• [Work instruction]: Type out the complete listing below word for word, without its pictures.

• [Exercise data]:
+ + + + + + +

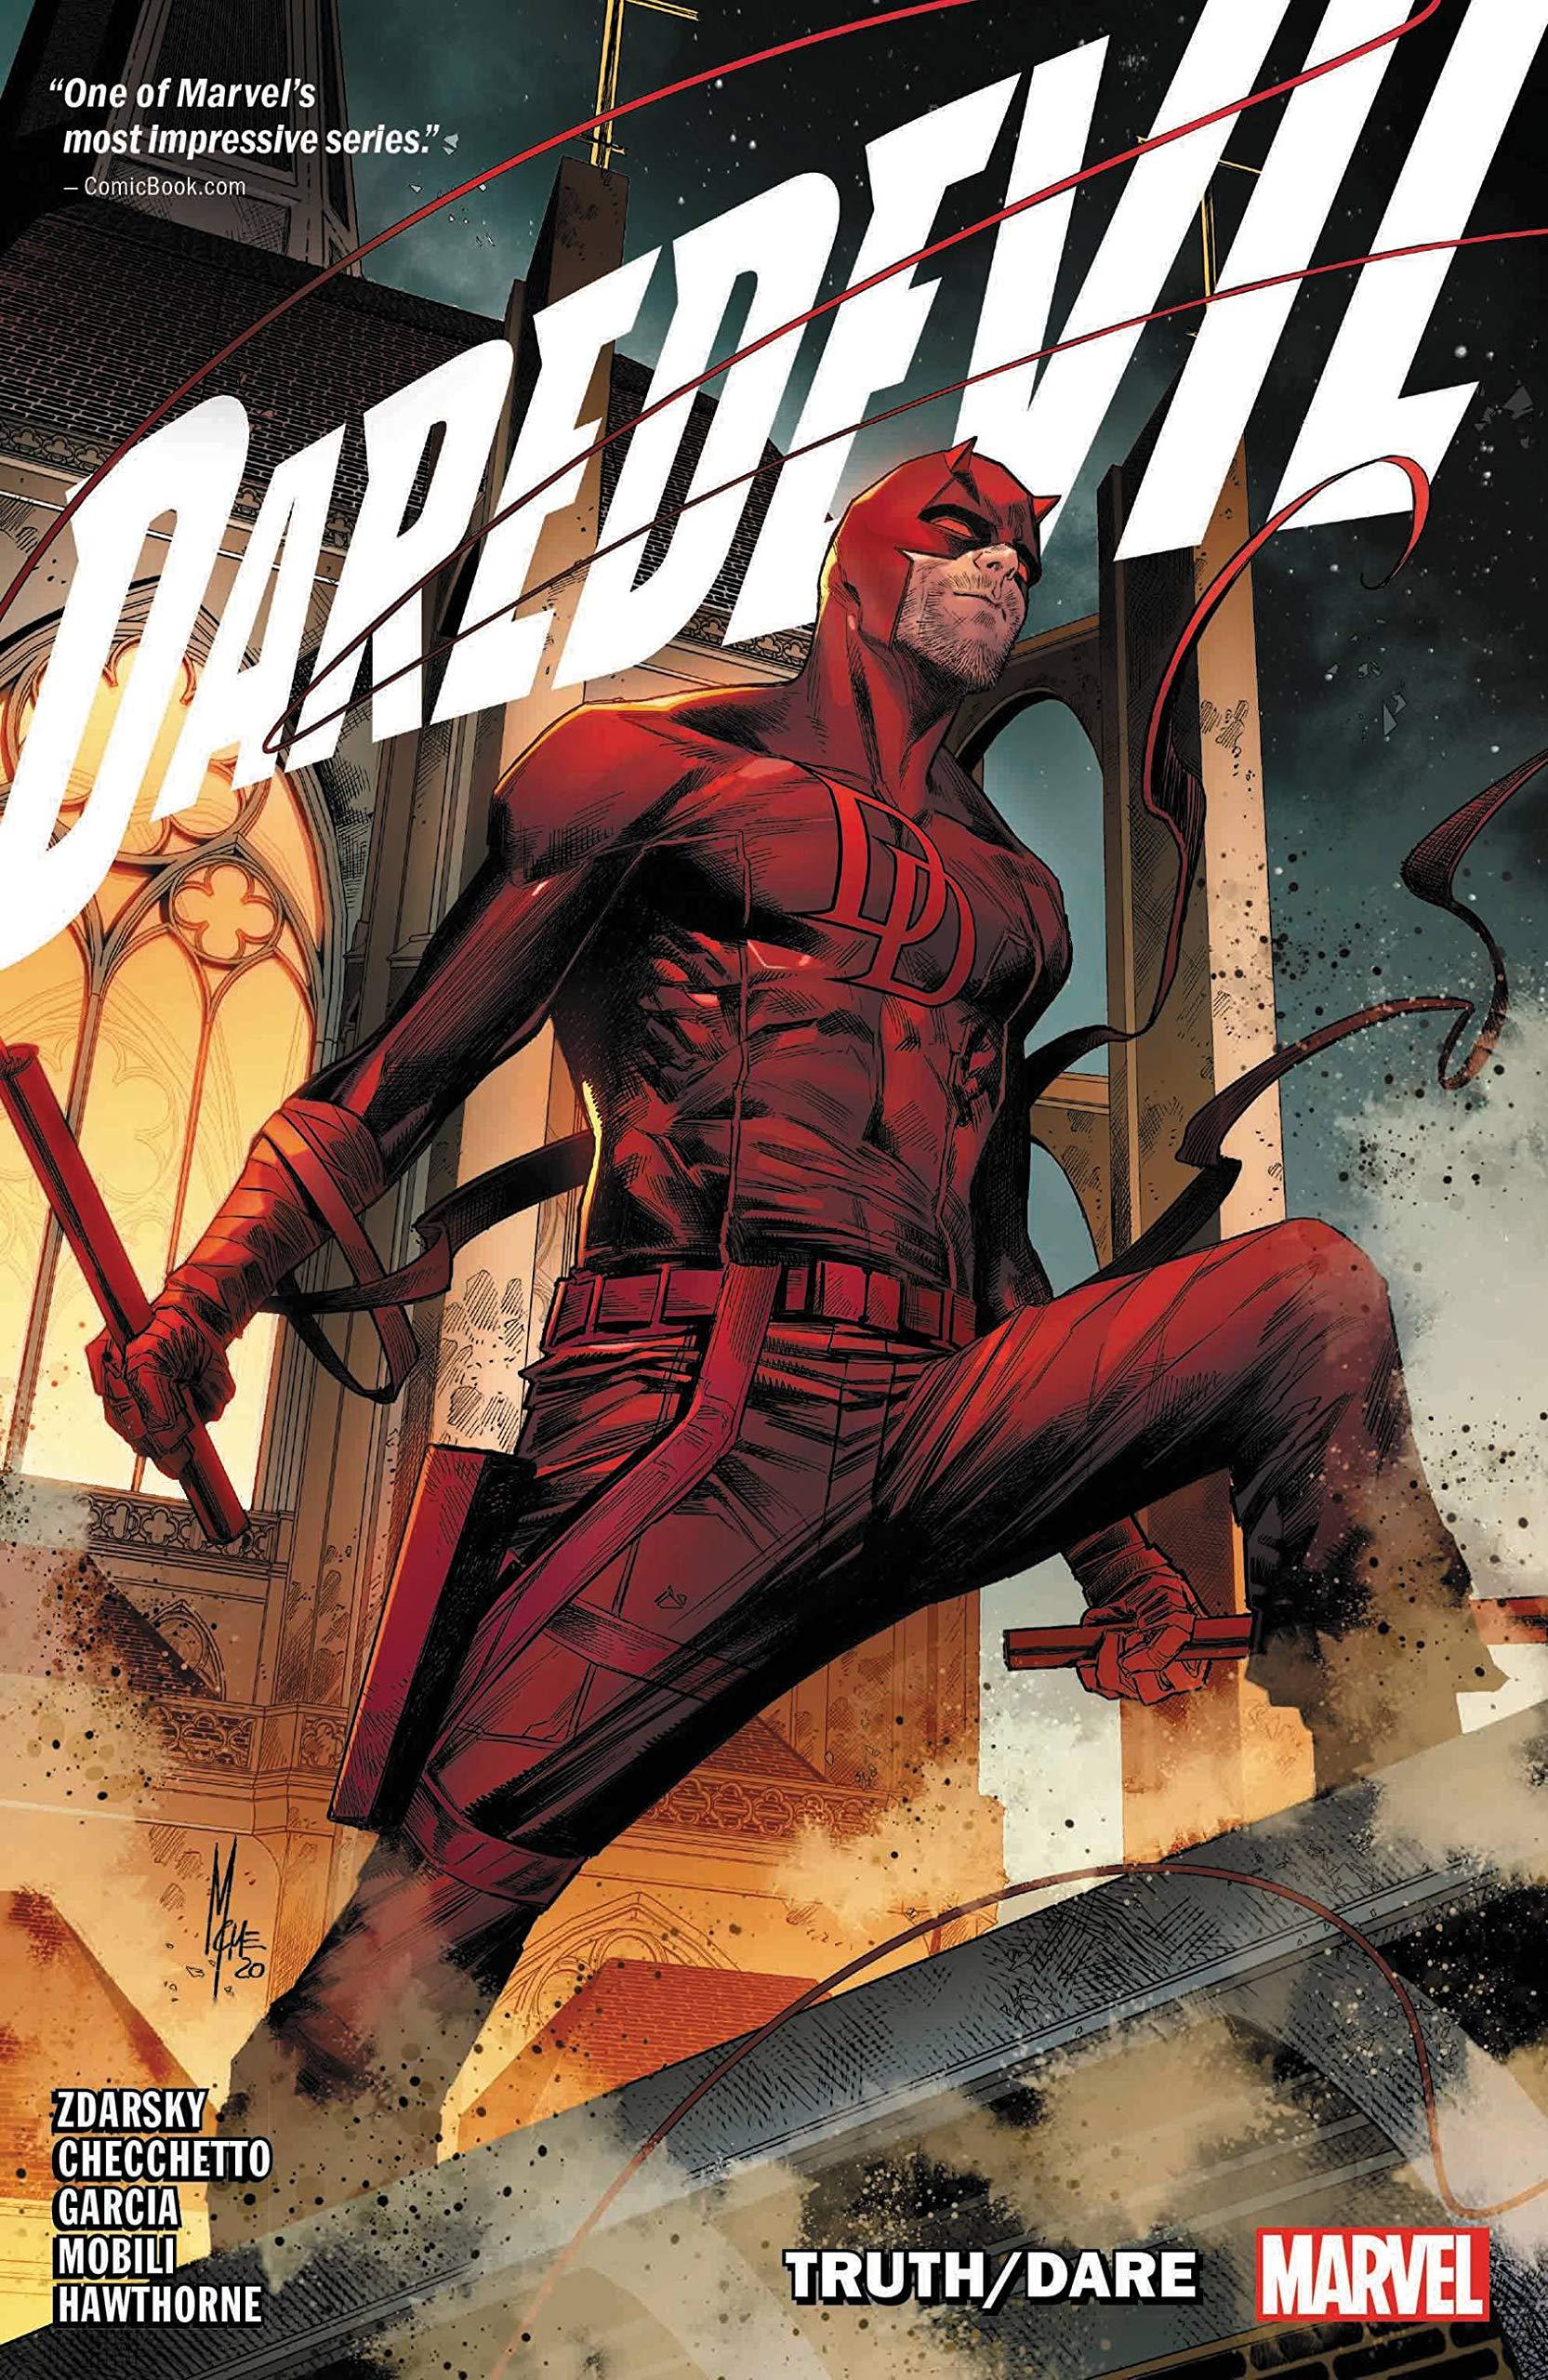 Daredevil by Chip Zdarsky, Vol. 5: Truth/Dare
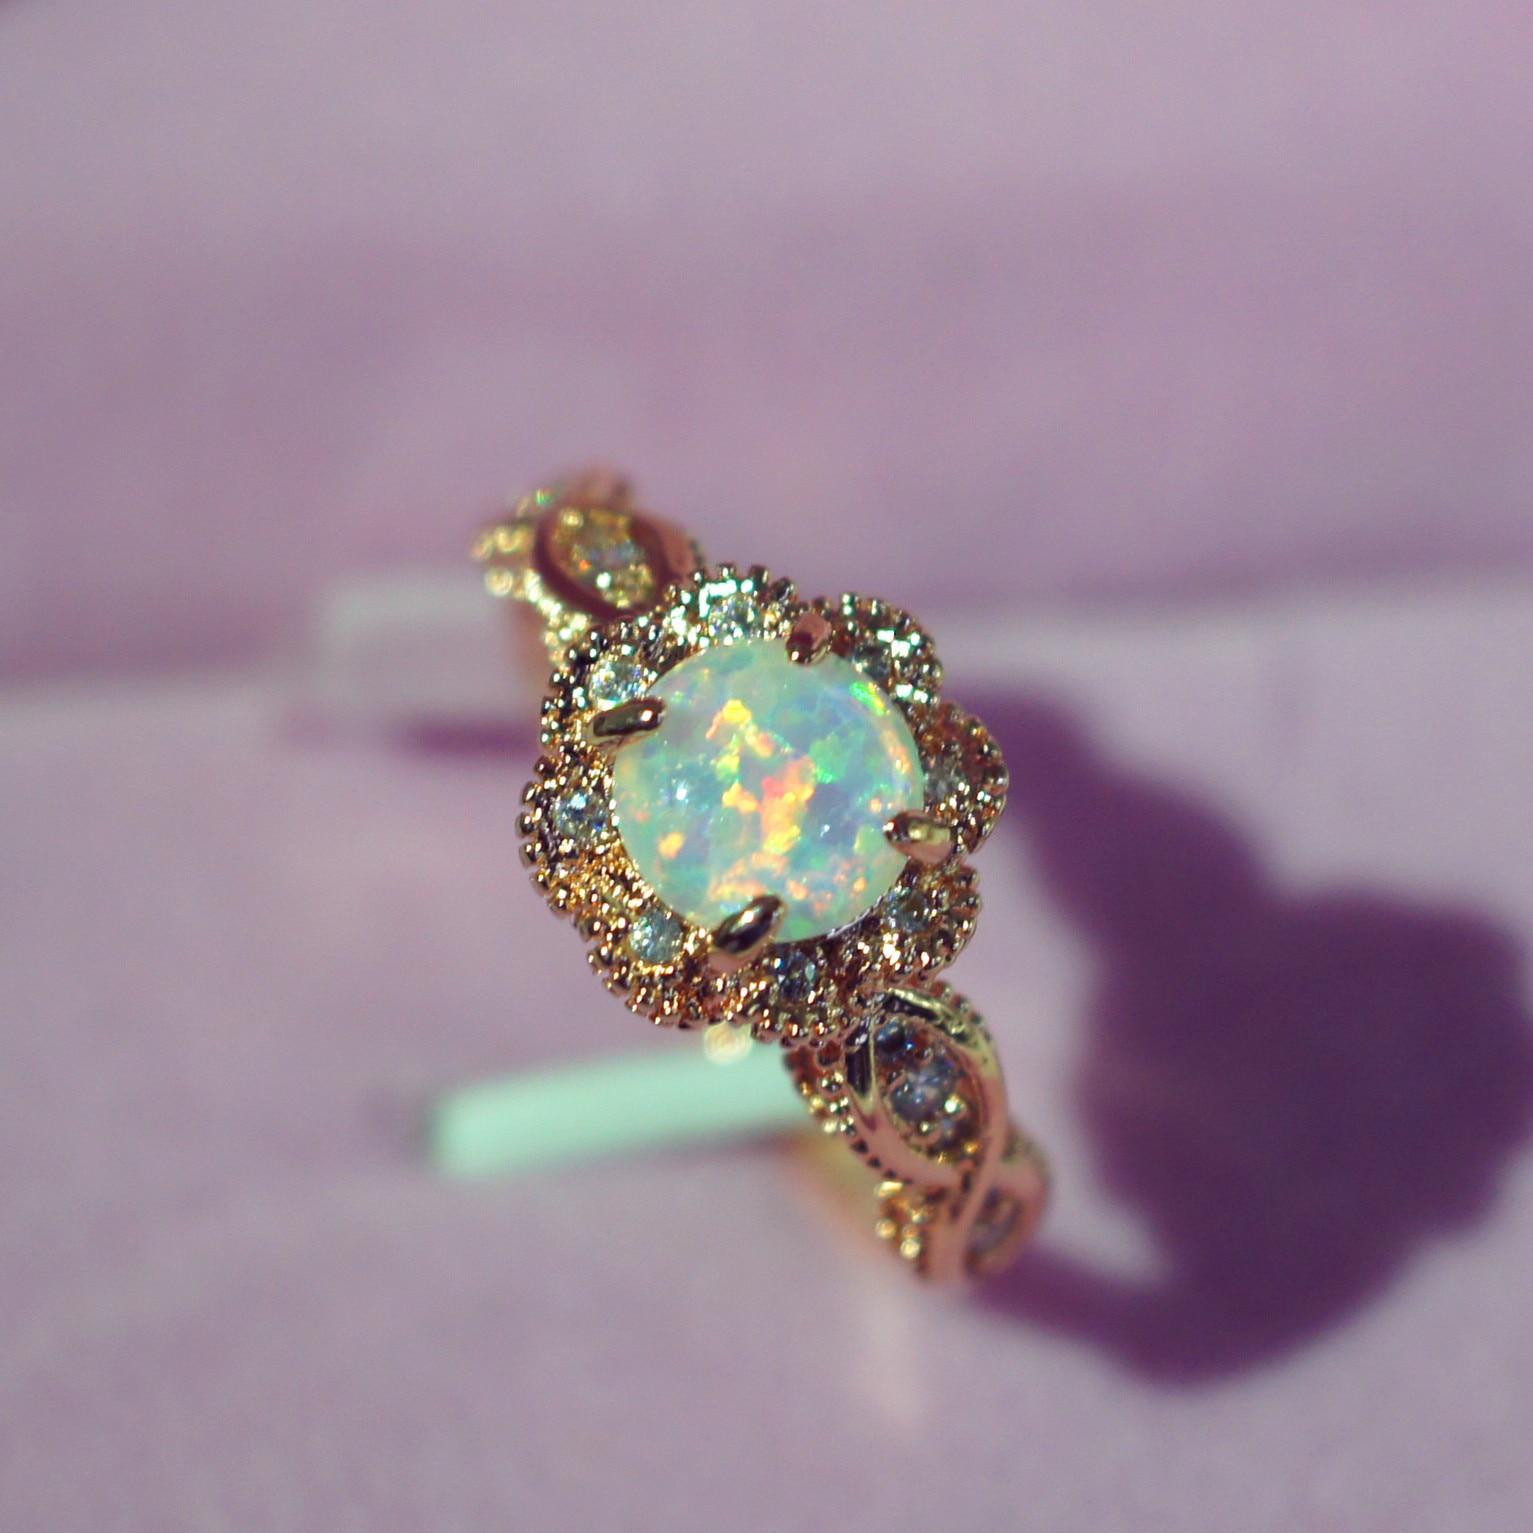 Sterling 925 Silber Opel Schließen Diamant Ringe für Frauen 14 K Rose Gold Modeschmuck Edelstein bague feine anelli donna argento
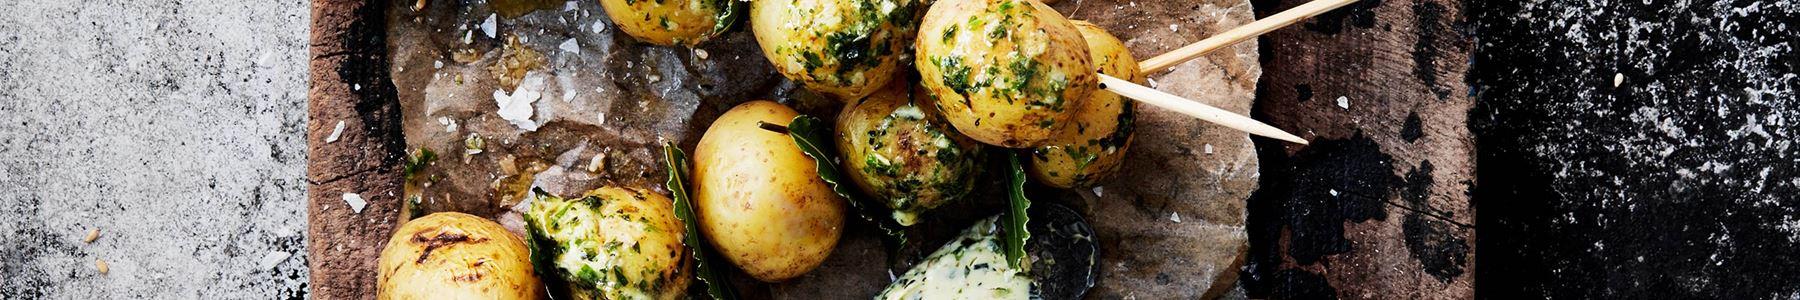 Potatis + Grill + Tillbehör

+ + + + + + +

• [Task result]:
 Daredevil by Chip Zdarsky, Vol. 5: Truth/Dare
 Sterling 925 Silber Opel Schließen Diamant Ringe für Frauen 14 K Rose Gold Modeschmuck Edelstein bague feine anelli donna argento
 Potatis + Grill + Tillbehör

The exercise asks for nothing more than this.